JAKARTA, KOMPAS - Program Produksi Bersih dan Efisiensi Energi yang telah dirintis sejak 2003 di enam industri di Indonesia telah menghasilkan penghematan energi signifikan hingga Rp 14 miliar per tahun.



Penurunan konsumsi energi terutama energi fosil akan menekan pula pencemaran gas rumah kaca. Karena itu program ini hendaknya dapat direplikasi pada industri lainnya, dan menjadi kriteria dalam memperoleh Proper Kategori Hijau.



Hal ini disampaikan Deputi Bidang Peningkatan Konservasi Sumber Daya Alam dan Pengendalian Kerusakan Lingkungan Kementerian Lingkungan Hidup, Masneliyarti Hilman, dalam sambutannya pada Peluncuran dan Pelatihan "Pedoman Efisiensi Energi untuk Industri di Asia", di Jakarta, Selasa (7/2).

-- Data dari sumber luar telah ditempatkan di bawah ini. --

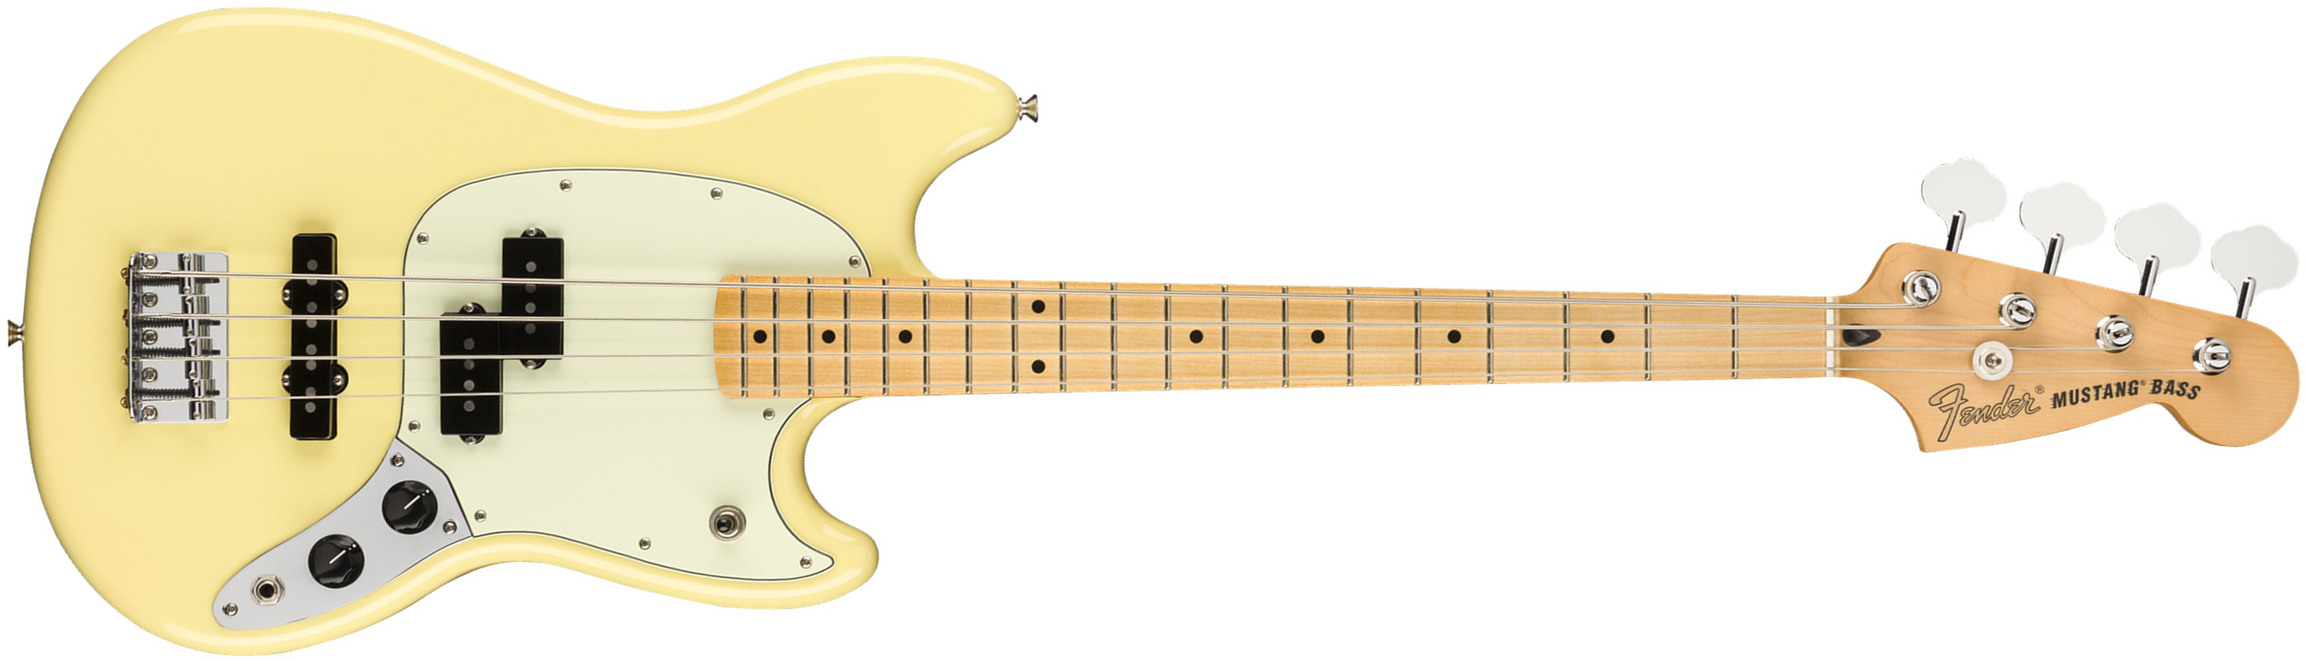 Fender Player Mustang Bass Pj Ltd Mex Mn - Canary - Solidbody E-bass - Main picture

Pedoman Efisiensi Energi ini juga diharapkan Sekretaris Menristek, Hudi Hastowo, tidak hanya meningkatkan efisiensi penggunaan energi tapi harus pula mendorong penerapan prinsip pembangunan berkelanjutan terutama penurunan emisi gas C02 yang berdampak buruk bagi lingkungan global.



Empat sektor industri Dikemukakan, Direktur Pusat Penelitian dan Pengembangan Teknologi Lingkungan Dr. Kardono, jika program ini diterapkan untuk empat sektor industri yang menyerap banyak energi seperti semen, pupuk, baja, pulp, dan kertas di Indonesia, maka diperkirakan penghematan bisa mencapai Rp 300 miliar per tahun.



Reduksi ini dicapai melalui pengiritan konsumsi batu bara, solar, dan gas alam sebagai bahan baku industri serta penggunaan listrik untuk proses produksi. Dan, bila semua industri di Indonesia dapat menempuh hal yang sama maka penghematan akan mencapai triliunan rupiah.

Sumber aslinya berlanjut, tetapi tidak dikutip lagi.